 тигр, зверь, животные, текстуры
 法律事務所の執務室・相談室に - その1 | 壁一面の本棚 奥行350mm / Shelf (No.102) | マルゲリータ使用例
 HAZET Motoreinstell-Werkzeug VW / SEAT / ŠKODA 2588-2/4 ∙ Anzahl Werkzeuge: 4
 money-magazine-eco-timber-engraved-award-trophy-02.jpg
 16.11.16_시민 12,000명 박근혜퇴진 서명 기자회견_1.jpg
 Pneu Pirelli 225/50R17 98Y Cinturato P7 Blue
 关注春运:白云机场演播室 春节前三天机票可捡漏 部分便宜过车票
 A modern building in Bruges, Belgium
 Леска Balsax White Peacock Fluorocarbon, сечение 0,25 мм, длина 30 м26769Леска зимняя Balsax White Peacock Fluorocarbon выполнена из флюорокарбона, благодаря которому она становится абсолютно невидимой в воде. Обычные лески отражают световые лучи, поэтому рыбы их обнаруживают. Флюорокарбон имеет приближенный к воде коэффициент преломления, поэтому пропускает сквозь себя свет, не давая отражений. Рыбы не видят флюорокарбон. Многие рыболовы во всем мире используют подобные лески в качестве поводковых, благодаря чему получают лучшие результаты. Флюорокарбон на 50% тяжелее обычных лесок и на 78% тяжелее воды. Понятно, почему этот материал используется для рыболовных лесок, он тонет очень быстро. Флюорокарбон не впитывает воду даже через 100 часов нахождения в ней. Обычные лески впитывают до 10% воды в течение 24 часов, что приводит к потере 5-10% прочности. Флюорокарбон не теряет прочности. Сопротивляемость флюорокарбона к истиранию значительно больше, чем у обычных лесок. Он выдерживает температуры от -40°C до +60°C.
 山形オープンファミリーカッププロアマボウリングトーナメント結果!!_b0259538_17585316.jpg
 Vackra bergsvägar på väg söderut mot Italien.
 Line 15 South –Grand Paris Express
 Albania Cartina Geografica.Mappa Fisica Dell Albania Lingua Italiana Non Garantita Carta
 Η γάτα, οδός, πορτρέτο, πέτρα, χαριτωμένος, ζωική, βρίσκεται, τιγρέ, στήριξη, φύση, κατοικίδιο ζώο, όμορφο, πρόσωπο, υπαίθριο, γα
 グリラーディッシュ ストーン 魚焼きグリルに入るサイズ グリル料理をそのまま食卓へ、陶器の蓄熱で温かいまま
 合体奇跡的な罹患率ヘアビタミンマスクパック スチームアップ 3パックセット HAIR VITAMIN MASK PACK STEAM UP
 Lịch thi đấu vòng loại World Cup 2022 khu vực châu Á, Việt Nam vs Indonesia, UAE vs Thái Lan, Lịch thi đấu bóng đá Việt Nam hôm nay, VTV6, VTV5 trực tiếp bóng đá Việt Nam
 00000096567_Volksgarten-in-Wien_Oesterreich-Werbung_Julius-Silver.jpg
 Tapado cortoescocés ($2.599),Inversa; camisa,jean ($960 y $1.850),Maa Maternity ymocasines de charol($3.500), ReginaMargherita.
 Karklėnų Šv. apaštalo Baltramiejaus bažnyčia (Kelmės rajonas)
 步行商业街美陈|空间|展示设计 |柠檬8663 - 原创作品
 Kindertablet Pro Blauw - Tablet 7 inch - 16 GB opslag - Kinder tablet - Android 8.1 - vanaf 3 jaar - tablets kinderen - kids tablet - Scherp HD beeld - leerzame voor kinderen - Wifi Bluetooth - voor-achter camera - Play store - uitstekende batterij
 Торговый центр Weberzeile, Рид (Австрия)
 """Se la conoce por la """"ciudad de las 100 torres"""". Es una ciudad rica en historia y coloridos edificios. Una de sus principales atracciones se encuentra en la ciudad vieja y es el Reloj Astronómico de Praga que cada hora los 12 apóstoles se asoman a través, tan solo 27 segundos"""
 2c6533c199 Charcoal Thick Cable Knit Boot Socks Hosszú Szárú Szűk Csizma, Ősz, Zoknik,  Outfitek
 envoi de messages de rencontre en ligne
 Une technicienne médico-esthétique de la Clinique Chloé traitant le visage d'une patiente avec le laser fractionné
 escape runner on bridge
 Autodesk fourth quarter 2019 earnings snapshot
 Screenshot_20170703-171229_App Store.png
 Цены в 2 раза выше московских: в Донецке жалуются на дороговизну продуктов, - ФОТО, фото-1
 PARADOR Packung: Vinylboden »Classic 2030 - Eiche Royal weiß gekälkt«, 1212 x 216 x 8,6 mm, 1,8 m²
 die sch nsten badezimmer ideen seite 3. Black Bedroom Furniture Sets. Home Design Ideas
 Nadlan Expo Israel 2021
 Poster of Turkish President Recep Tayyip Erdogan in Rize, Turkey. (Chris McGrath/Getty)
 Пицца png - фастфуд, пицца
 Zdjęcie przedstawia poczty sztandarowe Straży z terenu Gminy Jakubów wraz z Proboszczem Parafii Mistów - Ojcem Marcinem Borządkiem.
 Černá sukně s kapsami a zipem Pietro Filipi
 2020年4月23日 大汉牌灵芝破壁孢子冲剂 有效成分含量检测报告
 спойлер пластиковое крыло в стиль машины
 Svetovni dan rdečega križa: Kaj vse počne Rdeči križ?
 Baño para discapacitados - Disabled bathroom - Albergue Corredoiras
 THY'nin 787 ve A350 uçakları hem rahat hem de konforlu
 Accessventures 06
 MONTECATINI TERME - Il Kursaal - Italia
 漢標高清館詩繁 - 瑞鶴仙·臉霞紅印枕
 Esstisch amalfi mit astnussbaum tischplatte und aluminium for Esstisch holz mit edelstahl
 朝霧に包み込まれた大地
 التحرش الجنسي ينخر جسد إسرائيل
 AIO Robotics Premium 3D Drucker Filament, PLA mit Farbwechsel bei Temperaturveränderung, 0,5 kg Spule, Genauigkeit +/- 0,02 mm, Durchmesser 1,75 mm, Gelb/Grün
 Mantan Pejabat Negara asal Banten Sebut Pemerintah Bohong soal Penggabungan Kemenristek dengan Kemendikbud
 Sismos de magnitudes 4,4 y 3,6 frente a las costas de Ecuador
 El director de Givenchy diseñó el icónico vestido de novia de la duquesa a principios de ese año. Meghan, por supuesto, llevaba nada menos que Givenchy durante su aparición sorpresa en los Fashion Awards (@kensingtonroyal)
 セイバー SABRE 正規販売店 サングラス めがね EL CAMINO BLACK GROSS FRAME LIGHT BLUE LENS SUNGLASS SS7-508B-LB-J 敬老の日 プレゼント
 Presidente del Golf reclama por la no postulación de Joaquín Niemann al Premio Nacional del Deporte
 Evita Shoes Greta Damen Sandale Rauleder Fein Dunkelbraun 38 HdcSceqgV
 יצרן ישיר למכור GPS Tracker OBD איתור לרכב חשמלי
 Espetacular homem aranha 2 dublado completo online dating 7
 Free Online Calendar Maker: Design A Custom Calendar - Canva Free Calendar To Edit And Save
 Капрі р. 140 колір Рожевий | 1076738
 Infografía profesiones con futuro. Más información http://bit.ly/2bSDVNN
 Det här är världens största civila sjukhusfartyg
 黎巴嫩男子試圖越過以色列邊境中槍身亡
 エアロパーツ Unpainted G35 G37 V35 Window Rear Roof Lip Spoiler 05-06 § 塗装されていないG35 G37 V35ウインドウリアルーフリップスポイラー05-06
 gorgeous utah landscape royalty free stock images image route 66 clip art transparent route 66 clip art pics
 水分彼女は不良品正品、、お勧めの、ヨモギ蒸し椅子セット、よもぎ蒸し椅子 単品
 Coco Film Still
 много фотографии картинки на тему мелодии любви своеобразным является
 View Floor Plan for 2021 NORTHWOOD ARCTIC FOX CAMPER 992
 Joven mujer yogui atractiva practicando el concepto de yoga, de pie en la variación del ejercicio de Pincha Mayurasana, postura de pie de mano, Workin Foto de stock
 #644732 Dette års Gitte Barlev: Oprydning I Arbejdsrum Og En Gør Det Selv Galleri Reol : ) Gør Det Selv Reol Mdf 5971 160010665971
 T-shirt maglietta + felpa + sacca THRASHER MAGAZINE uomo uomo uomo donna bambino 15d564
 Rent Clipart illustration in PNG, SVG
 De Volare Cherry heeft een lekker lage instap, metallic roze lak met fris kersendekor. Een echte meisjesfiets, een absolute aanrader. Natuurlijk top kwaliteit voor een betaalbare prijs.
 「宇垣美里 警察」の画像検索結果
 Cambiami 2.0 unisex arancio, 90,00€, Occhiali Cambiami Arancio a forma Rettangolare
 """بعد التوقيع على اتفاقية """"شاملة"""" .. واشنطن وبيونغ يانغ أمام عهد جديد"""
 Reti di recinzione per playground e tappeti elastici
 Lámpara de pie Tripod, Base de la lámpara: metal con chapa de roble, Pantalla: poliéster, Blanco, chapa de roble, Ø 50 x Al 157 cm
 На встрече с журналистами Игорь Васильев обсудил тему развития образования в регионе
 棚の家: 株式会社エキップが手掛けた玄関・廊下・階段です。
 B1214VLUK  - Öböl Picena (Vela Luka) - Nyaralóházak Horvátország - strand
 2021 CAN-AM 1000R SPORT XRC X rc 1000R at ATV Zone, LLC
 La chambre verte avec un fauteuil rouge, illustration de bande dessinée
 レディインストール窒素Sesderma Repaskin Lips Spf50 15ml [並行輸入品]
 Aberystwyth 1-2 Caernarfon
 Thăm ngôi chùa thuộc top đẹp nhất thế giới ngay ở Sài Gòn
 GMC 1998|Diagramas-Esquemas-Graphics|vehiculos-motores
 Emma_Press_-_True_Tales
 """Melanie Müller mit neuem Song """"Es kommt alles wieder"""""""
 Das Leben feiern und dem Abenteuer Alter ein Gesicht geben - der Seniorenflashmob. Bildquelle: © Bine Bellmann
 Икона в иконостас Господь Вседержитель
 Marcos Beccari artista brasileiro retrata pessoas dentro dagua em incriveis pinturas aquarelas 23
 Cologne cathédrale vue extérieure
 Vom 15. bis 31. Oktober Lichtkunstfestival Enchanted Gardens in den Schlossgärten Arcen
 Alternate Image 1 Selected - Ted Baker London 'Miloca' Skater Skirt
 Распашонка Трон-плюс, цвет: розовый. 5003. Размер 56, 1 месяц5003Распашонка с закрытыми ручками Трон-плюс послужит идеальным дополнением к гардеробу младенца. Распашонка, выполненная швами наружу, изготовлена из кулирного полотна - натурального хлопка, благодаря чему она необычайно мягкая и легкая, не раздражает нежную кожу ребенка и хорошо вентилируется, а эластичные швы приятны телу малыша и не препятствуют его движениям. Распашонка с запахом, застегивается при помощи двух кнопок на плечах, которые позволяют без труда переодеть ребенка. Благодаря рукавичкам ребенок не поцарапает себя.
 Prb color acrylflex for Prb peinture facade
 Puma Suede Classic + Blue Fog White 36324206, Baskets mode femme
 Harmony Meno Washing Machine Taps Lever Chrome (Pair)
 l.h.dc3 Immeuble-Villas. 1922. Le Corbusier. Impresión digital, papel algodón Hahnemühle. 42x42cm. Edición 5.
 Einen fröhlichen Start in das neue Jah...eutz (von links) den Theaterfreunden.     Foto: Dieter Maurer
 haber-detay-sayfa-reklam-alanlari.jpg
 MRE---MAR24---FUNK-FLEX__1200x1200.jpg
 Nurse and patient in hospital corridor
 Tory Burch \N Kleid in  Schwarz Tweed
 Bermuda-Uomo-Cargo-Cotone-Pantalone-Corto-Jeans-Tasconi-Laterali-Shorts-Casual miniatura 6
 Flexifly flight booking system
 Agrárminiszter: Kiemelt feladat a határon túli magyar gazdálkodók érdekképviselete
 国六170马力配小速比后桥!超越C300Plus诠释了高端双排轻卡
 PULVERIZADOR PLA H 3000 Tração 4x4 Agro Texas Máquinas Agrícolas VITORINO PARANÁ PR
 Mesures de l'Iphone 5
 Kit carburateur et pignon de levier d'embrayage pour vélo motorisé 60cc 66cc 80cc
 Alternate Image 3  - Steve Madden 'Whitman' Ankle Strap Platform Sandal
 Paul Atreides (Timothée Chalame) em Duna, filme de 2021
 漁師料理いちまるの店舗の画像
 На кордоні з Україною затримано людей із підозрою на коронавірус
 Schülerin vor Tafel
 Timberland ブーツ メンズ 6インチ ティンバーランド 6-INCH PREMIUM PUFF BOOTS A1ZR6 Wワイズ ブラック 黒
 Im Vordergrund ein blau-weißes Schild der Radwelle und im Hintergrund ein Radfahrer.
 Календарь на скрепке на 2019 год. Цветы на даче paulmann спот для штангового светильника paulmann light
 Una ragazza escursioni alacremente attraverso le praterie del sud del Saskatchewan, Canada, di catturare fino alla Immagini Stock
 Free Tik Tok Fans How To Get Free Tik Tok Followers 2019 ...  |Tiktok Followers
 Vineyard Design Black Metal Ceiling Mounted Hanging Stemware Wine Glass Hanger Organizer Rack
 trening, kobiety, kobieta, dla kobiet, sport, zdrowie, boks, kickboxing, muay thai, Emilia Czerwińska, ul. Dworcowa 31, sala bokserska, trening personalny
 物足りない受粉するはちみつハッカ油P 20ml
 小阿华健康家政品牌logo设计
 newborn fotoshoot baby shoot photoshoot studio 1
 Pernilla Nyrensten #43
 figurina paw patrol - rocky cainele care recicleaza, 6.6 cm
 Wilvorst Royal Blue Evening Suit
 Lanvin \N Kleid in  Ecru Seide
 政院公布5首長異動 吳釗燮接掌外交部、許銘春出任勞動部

---*---

Your objective
Reproduce exactly the first line of the listing and every line after it, through the one containing "A modern building in Bruges, Belgium". Nothing else belongs in the output.

Answer to the exercise
 тигр, зверь, животные, текстуры
 法律事務所の執務室・相談室に - その1 | 壁一面の本棚 奥行350mm / Shelf (No.102) | マルゲリータ使用例
 HAZET Motoreinstell-Werkzeug VW / SEAT / ŠKODA 2588-2/4 ∙ Anzahl Werkzeuge: 4
 money-magazine-eco-timber-engraved-award-trophy-02.jpg
 16.11.16_시민 12,000명 박근혜퇴진 서명 기자회견_1.jpg
 Pneu Pirelli 225/50R17 98Y Cinturato P7 Blue
 关注春运:白云机场演播室 春节前三天机票可捡漏 部分便宜过车票
 A modern building in Bruges, Belgium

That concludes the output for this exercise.